» **The data**:
_ _ _

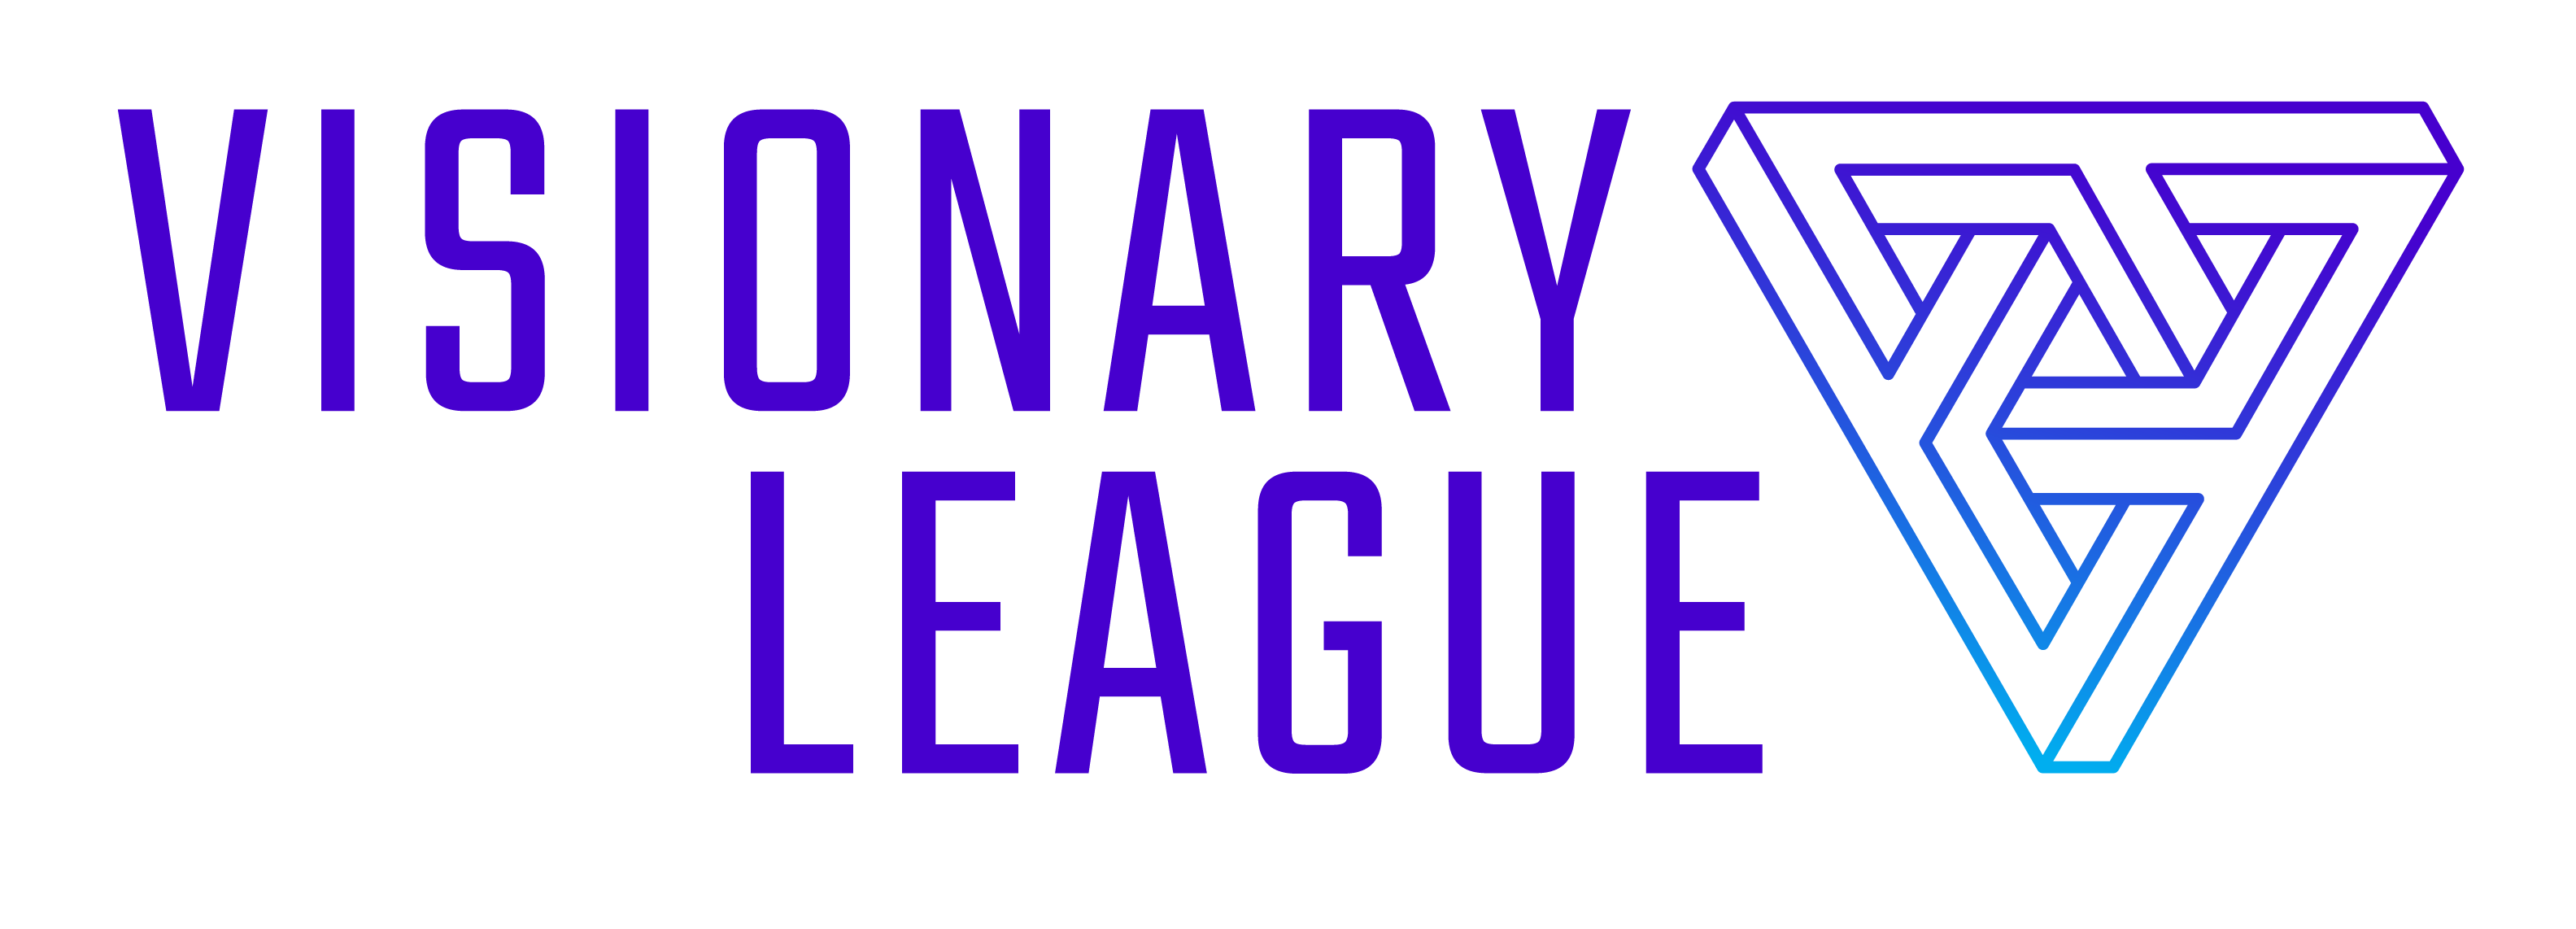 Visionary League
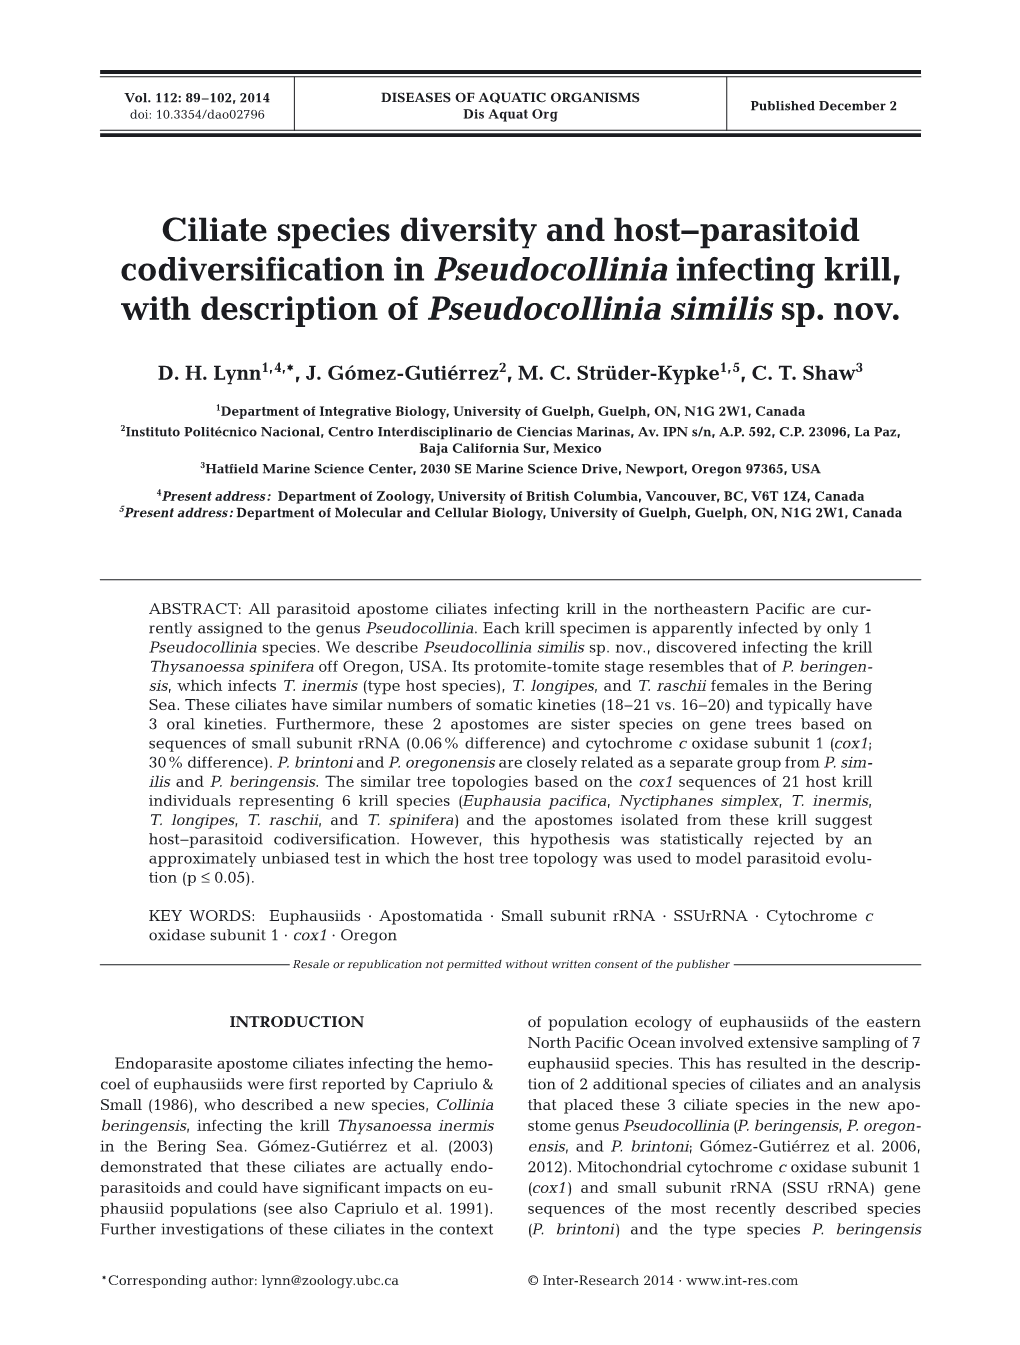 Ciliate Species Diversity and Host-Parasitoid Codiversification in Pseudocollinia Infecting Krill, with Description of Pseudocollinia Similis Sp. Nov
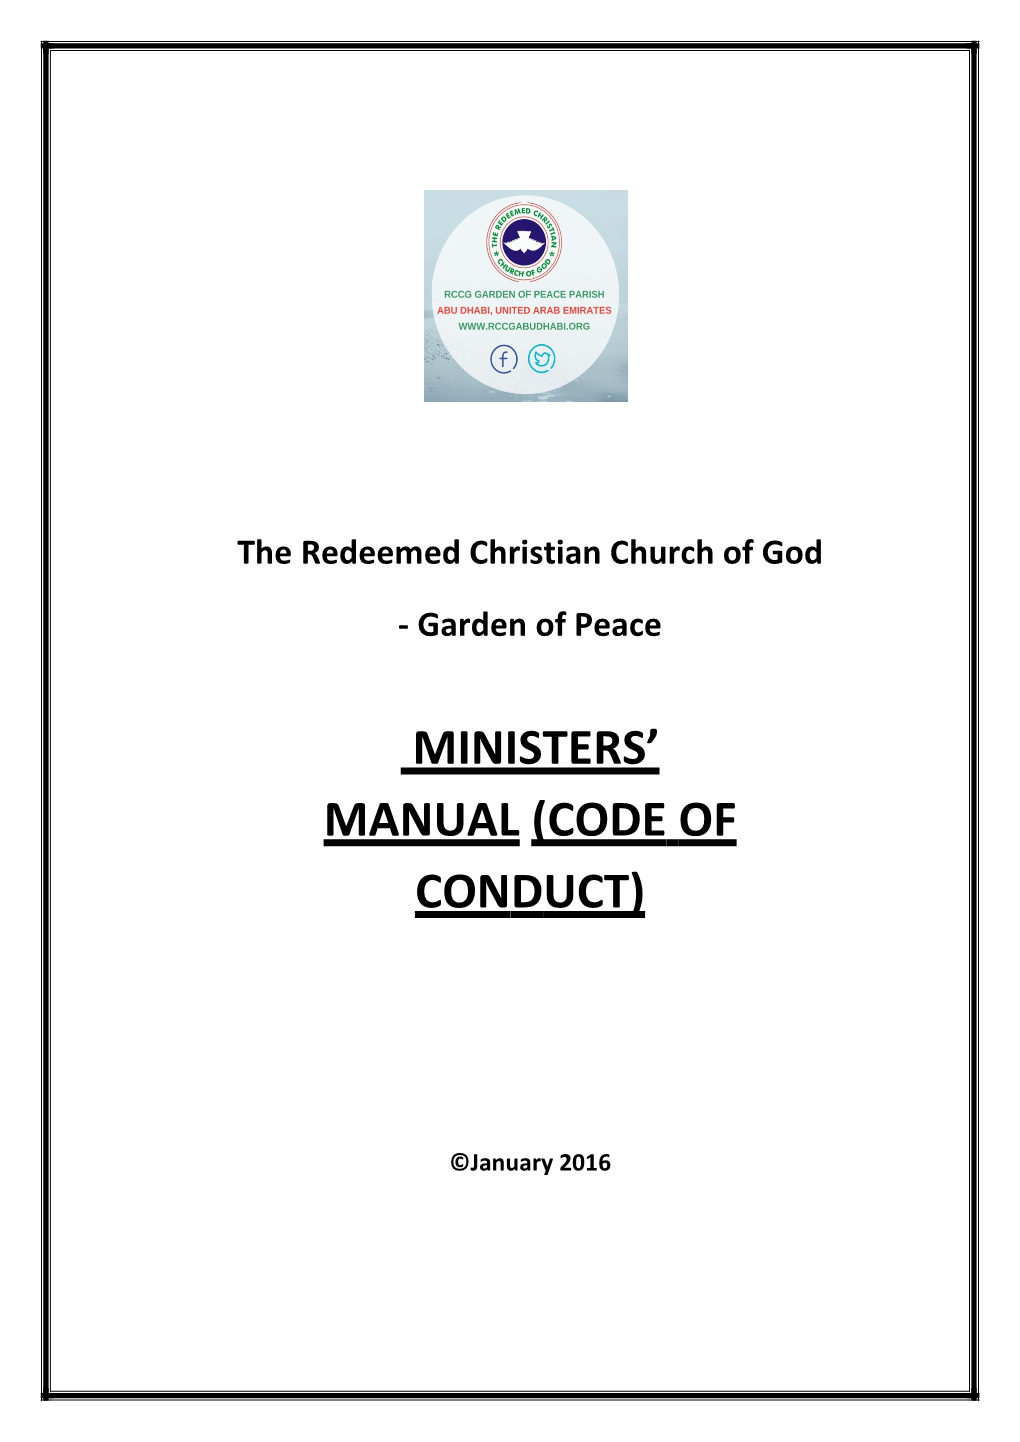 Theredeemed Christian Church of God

_ _ _

» **What you will do**: The answer must be the full listing, word for word, with no images in it.

» **Task response**:
 Visionary League
 Ciliate Species Diversity and Host-Parasitoid Codiversification in Pseudocollinia Infecting Krill, with Description of Pseudocollinia Similis Sp. Nov
 Theredeemed Christian Church of God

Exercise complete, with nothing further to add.